(INPUT DATA)
--
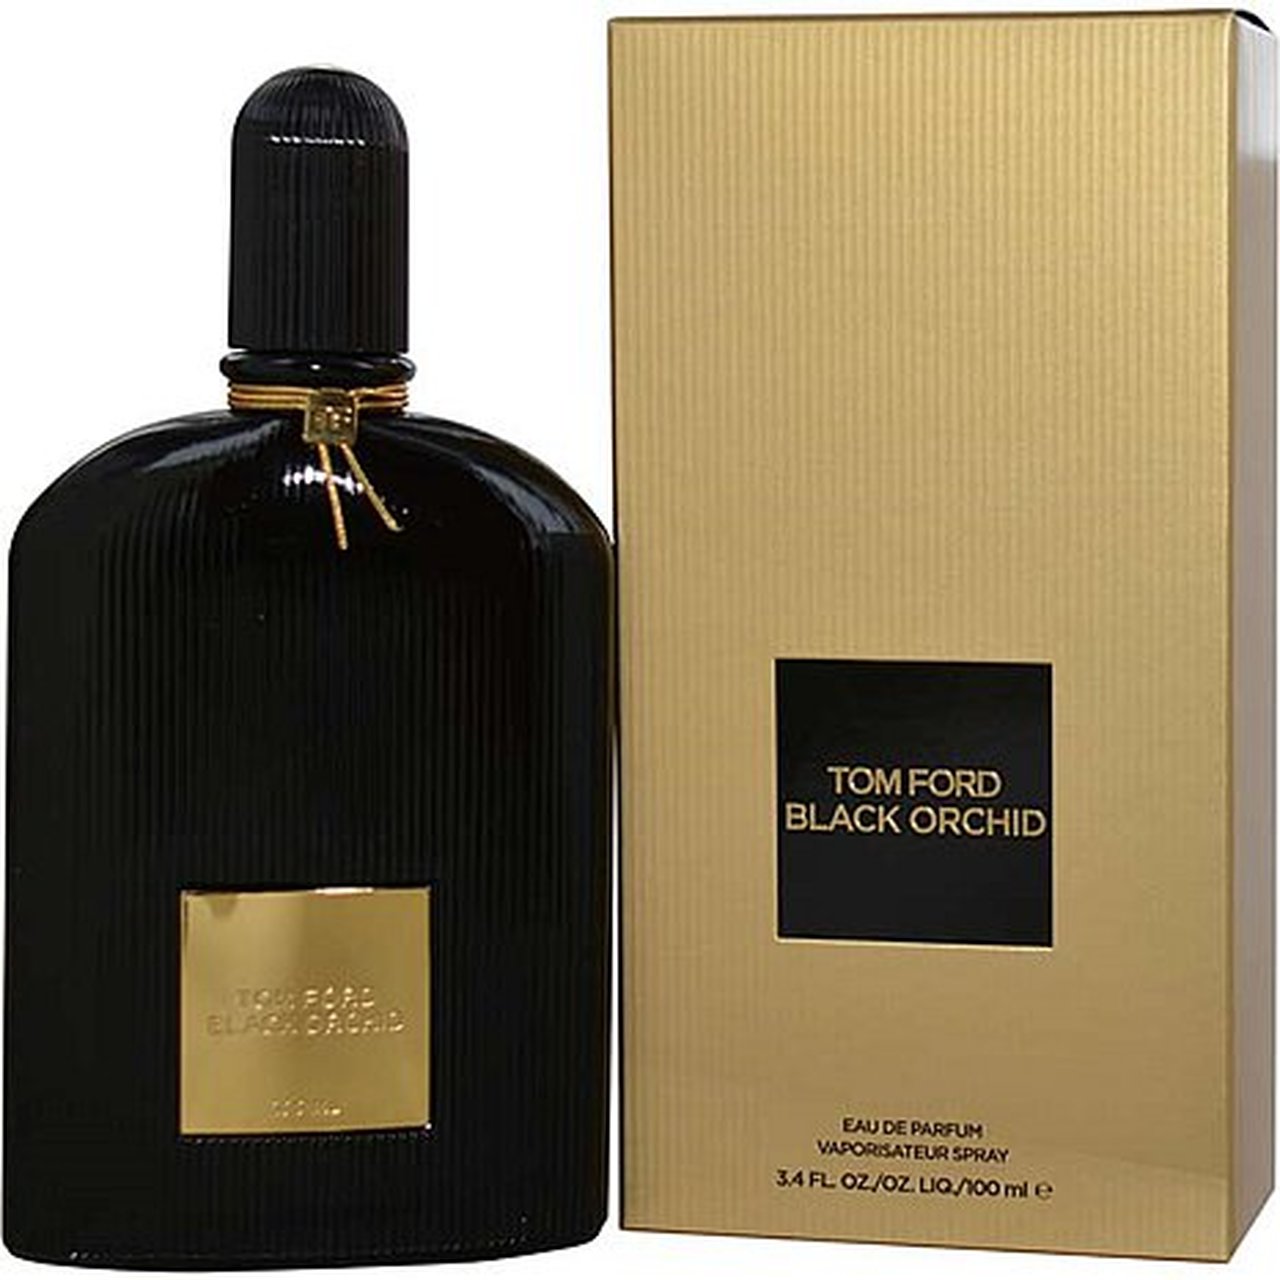 Black Orchid By Tom Ford For Women 3.4 oz EDP Spray
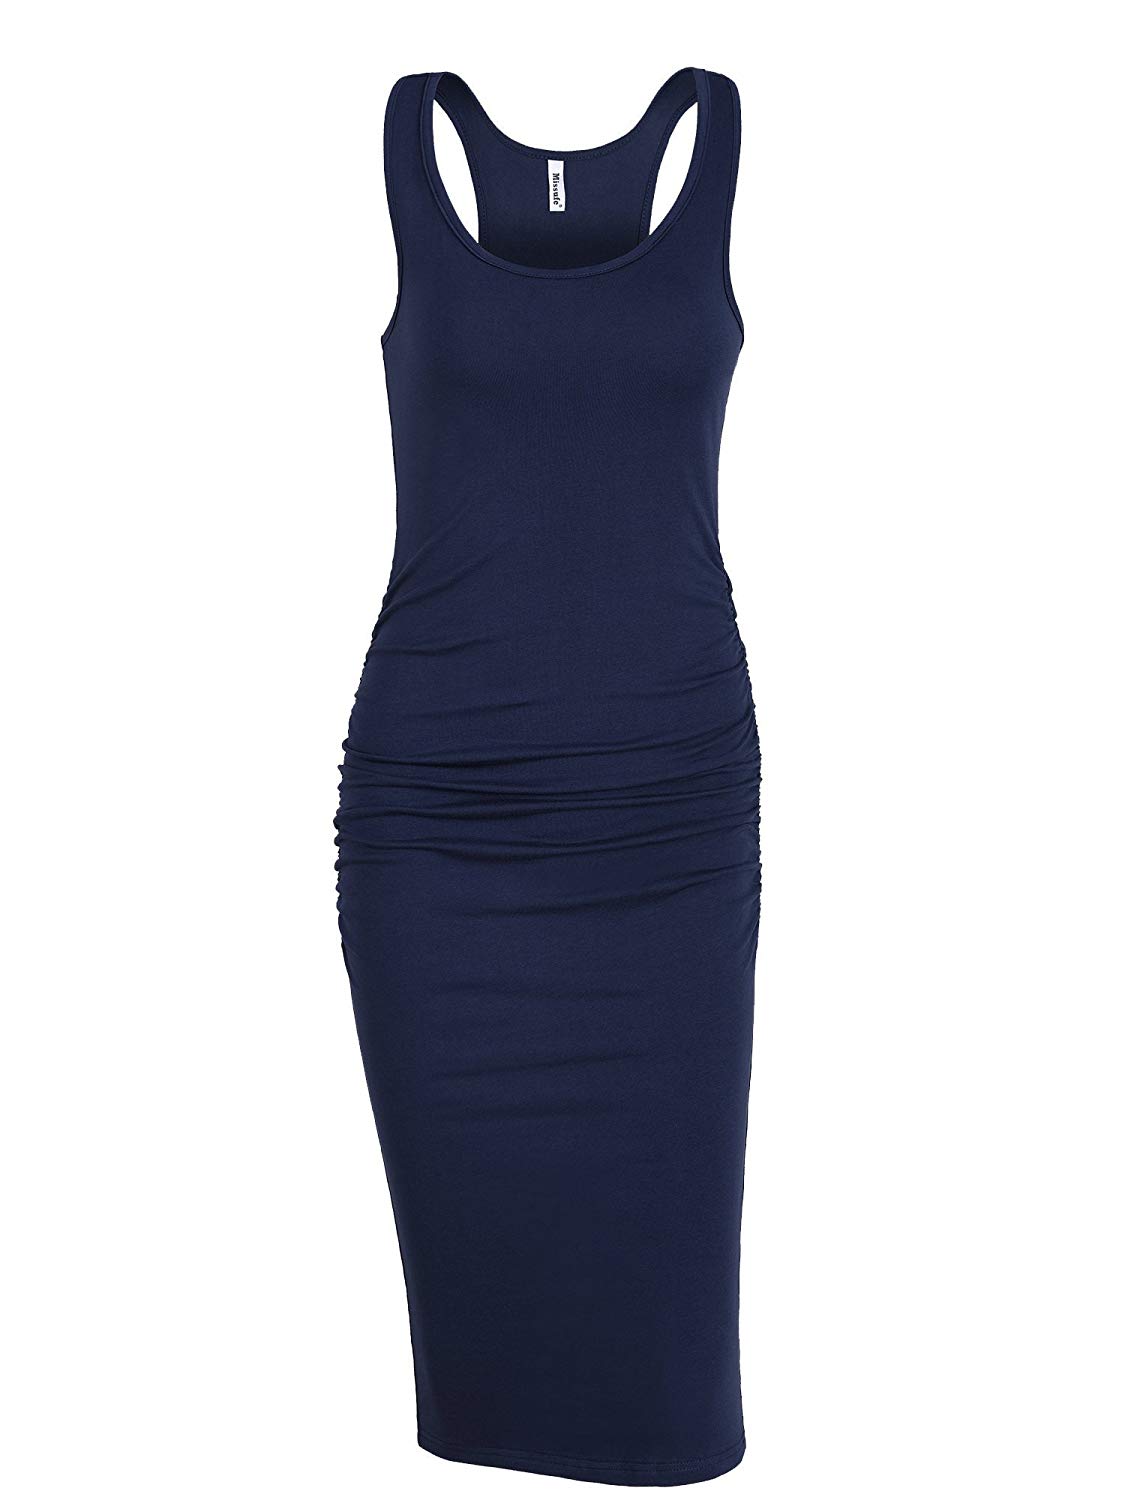 Missufe Women's Ruched Bodycon Sundress Midi Fitted, Navy Blue, Size X ...
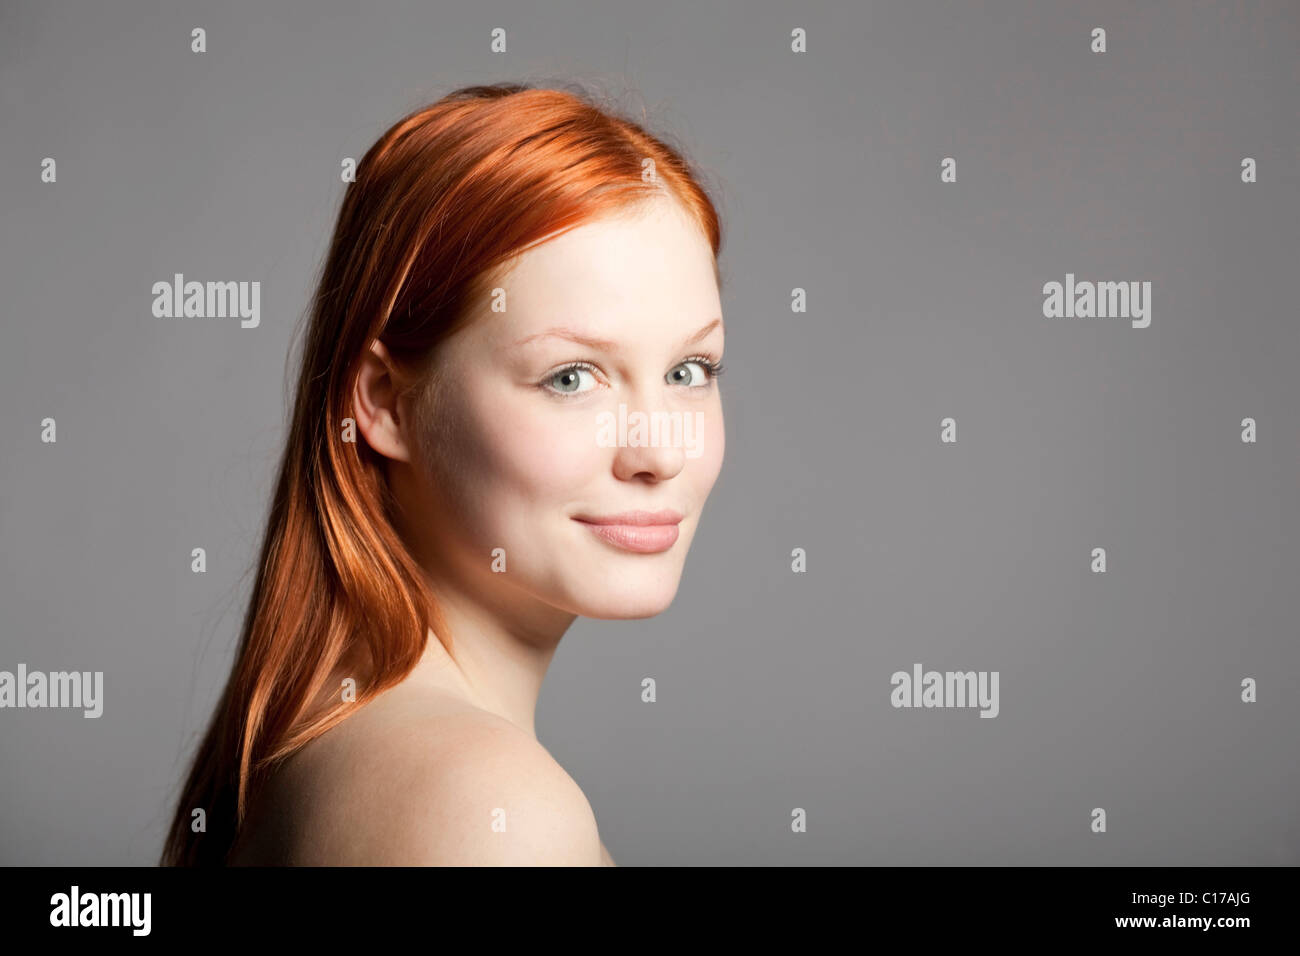 Young, red-haired woman looking at the camera Stock Photo
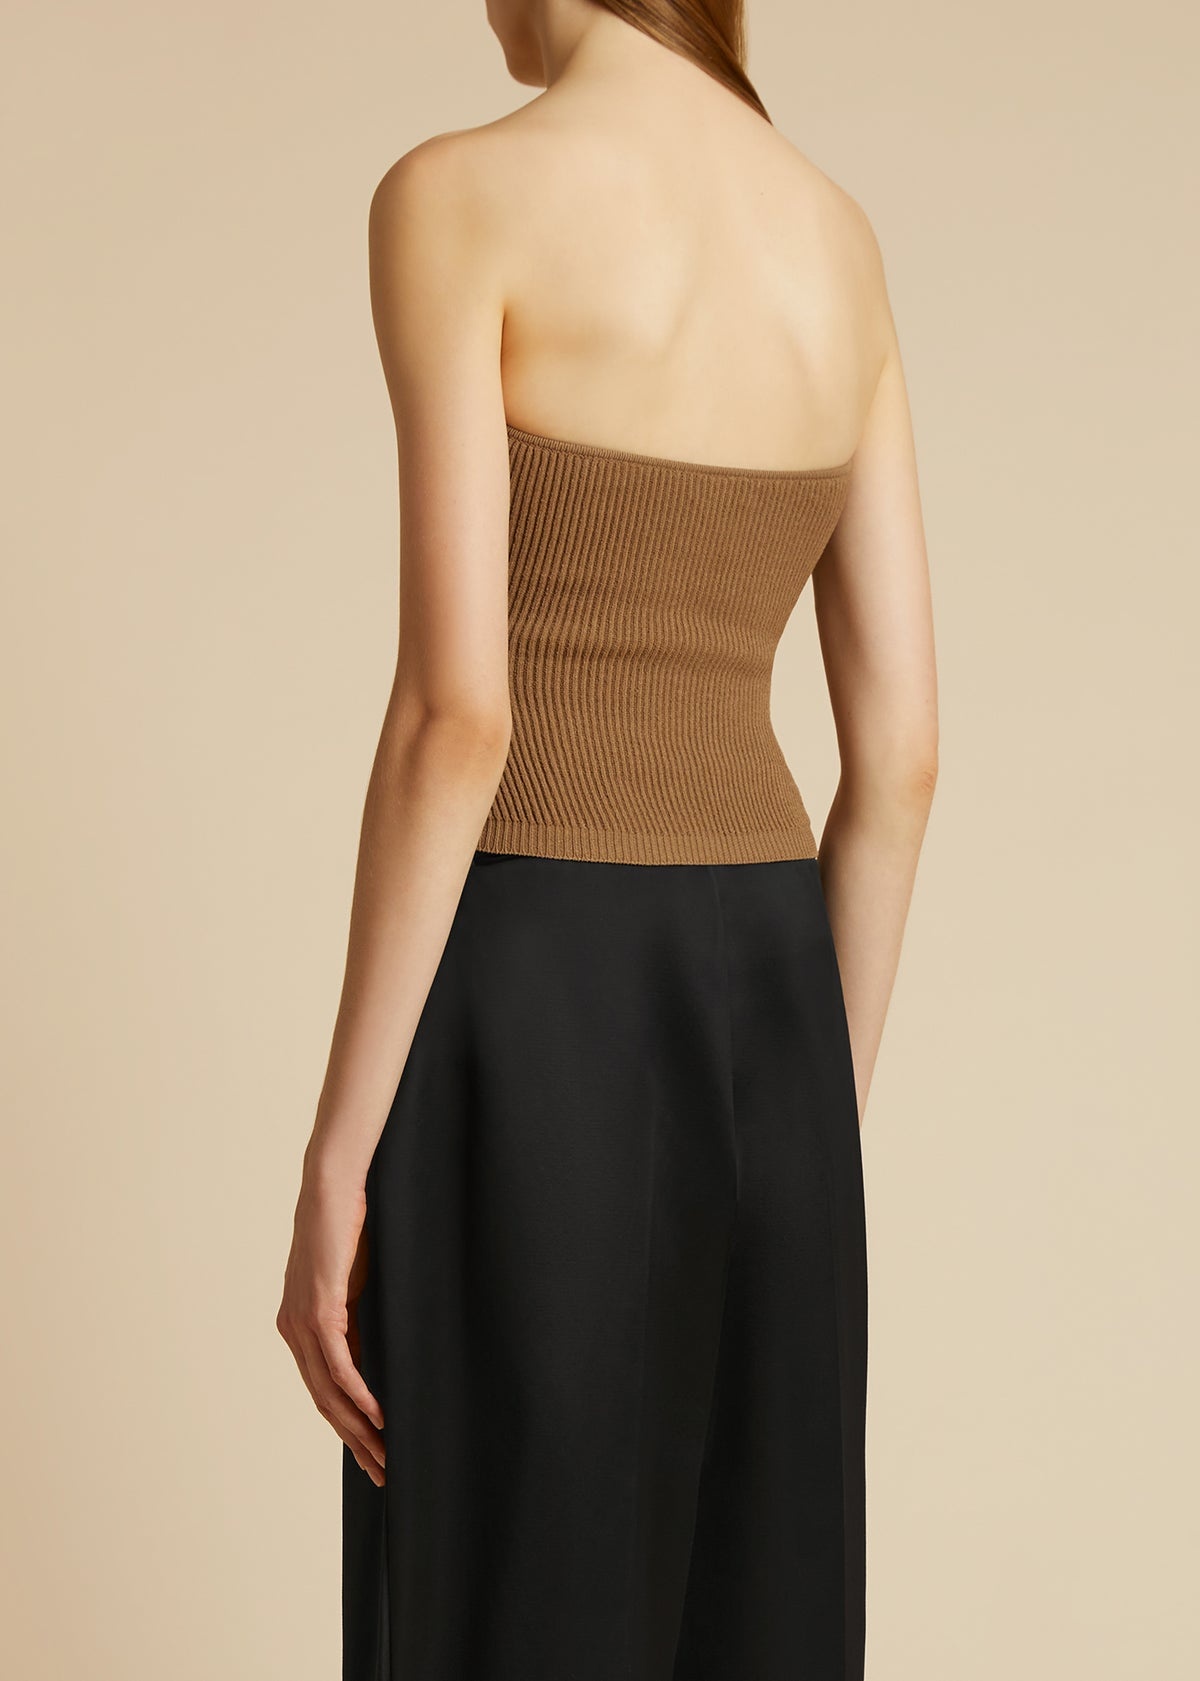 The Jericho Top in Carob - 3
--
(WORK TO BE COMPLETED)
Without the pictures, write out all of the material exactly.

(ANSWER SECTION)
 Black Orchid By Tom Ford For Women 3.4 oz EDP Spray
 Missufe Women's Ruched Bodycon Sundress Midi Fitted, Navy Blue, Size X ...
 Young, red-haired woman looking at the camera Stock Photo
 The Jericho Top in Carob - 3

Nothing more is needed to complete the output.